Heute macht er das letzte Ausbildungsjahr als Elektriker und würde gerne auch in der Öffentlichkeit singen. Dank Jungle Music Incubator könnte dieser Traum bald Wirklichkeit werden. Da die Fördergelder sich bereits dem Ende zu neigen, hängt die weitere Umsetzung aber nun auch davon ab, auf welche Projekte die Gelder des Nachtragshaushaltes beim Amt für Jugendarbeit verteilt werden. Das Ansuchen für die weitere Förderung wird vom Jugendzentrum Jungle in Kürze eingereicht. Für die Finanzierung des Projekts zieht Jungle zudem in Erwägung, auch Gelder der Gemeinde und der EU zu beantragen sowie Private um Unterstützung zu bitten.

 

Neu denken

 

 

Neben den Workshops von Fabian Heidegger war unter anderem auch der Female DJ Workshop im Museion Bozen im Dezember 2021 sehr gut besucht. Der DJ Fabian Carano alias Toni Telefoni bot gezielt jungen Frauen einen Workshop an. „Das große Interesse für diesen Workshop zeigt auf eindrückliche Weise, wie wichtig solche geschützten Räume und Angebote vor allem für junge Frauen sind“, sagt Thomas Kobler.
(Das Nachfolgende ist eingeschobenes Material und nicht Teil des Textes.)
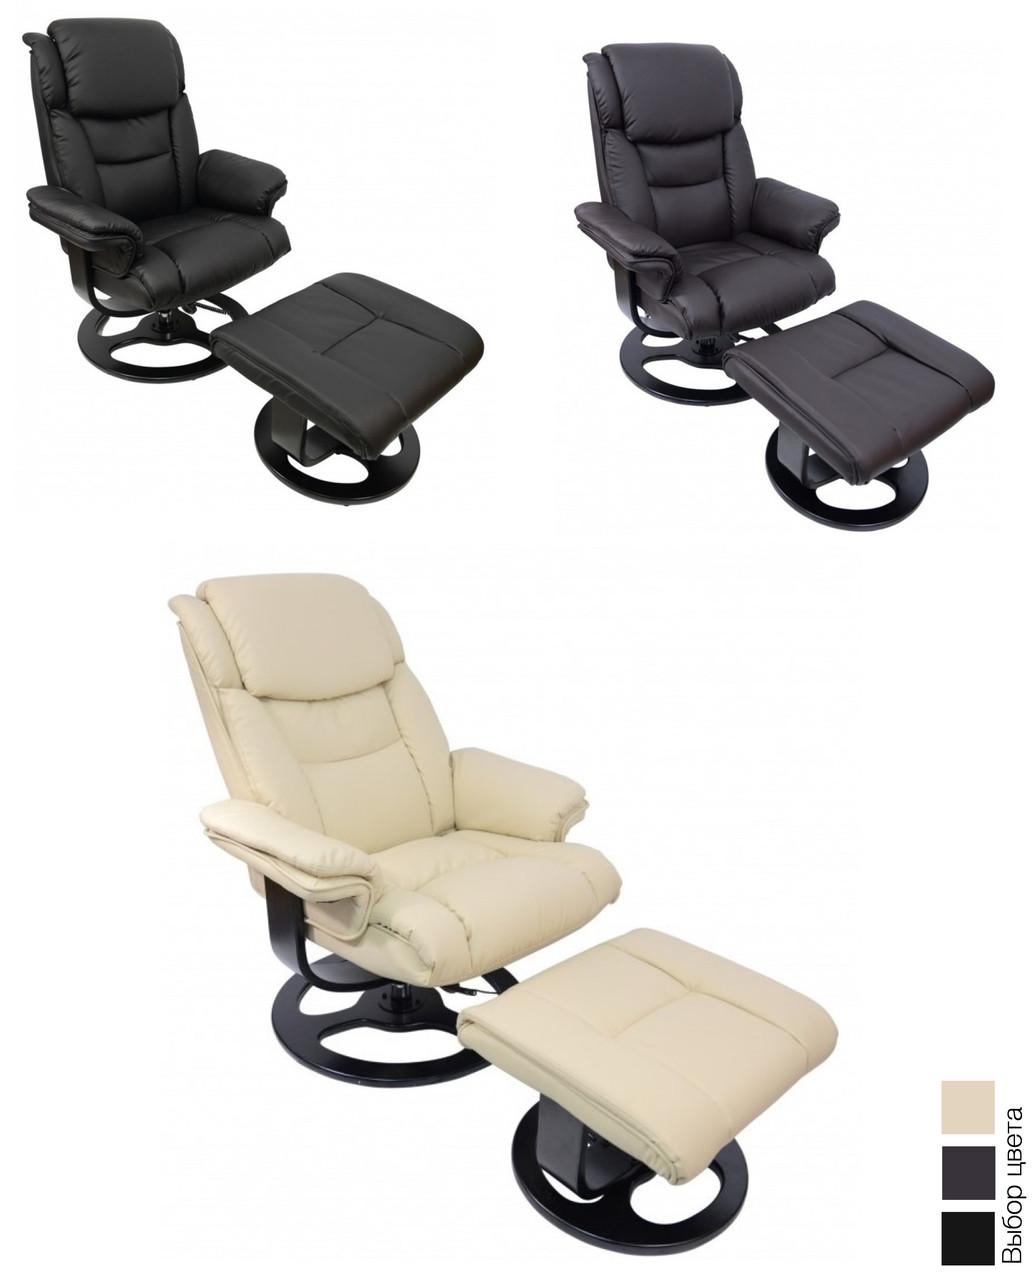 Офисное компьютерное кресло Bonro 5099 массажное с пуфом (офісне комп'ютерне крісло масажне для дома)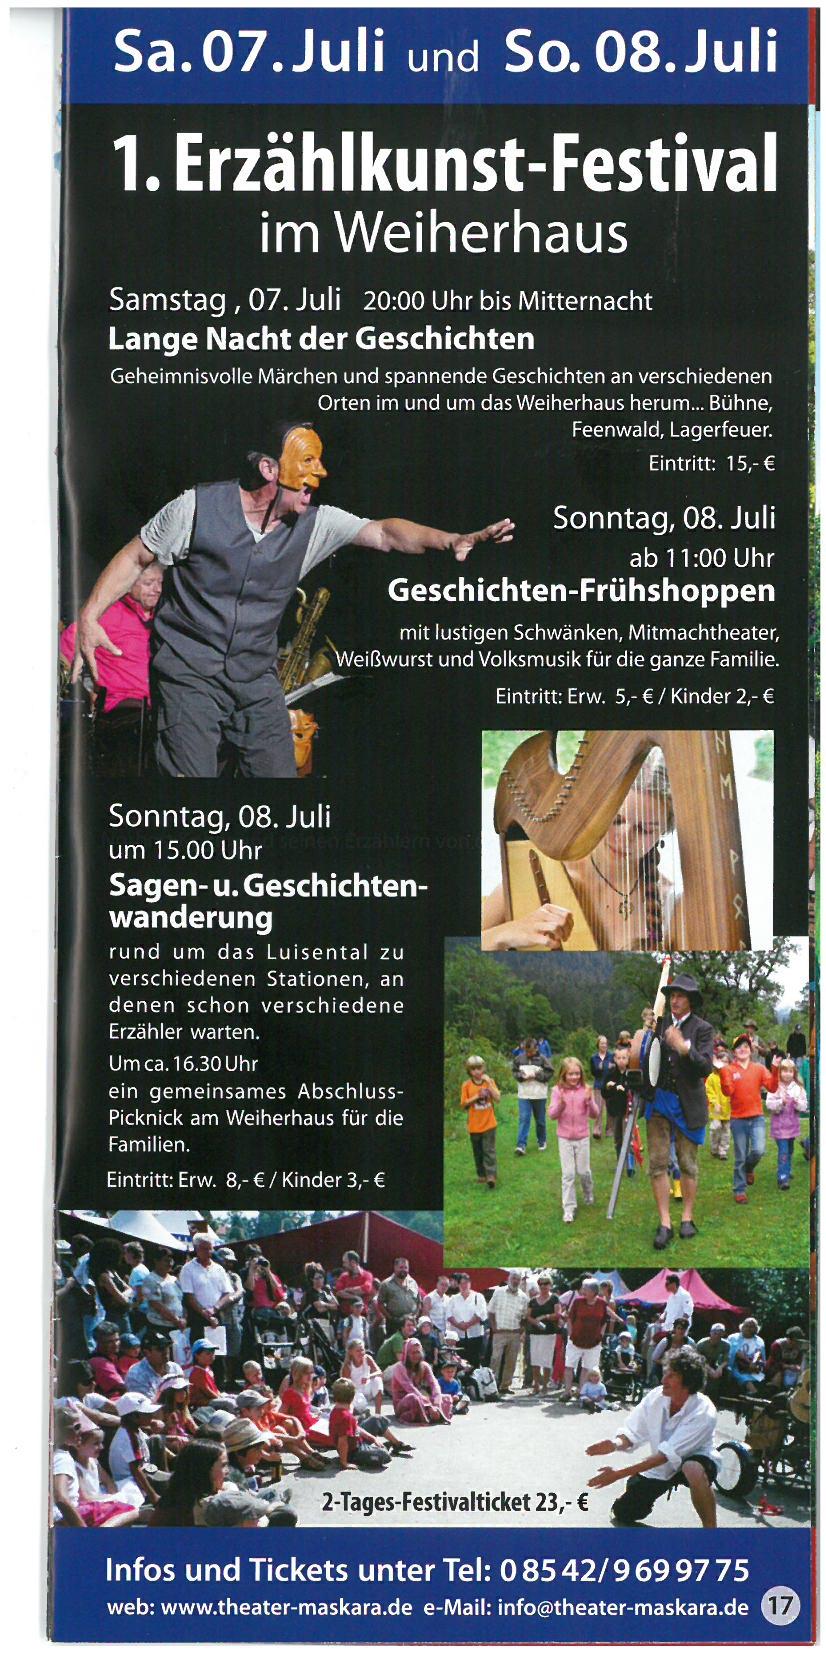 1. Erzählkunst-Festival im Weiherhaus

Laut Fabian Heidegger hätte das Format des Jungle Music Incubator das Potential, die Zukunft der Sozialarbeit in Südtirol zu werden: „In diesen Jahren habe ich viele Dinge gesehen, die nicht funktionieren und das hier funktioniert.“ Auch Thomas Kobler ist überzeugt, dass frühere Methoden der Sozialarbeit heute an ihre Grenzen stoßen. Deshalb müsse weitergedacht werden. „In der Sozial-, Jugend- und Kulturarbeit gibt es noch sehr wenig Zusammenarbeit, das wollen wir ändern“, sagt Kobler. Die Vision ist ein Netzwerk, das junge Menschen in der Persönlichkeitsentwicklung durch kreative Beschäftigung unterstützt.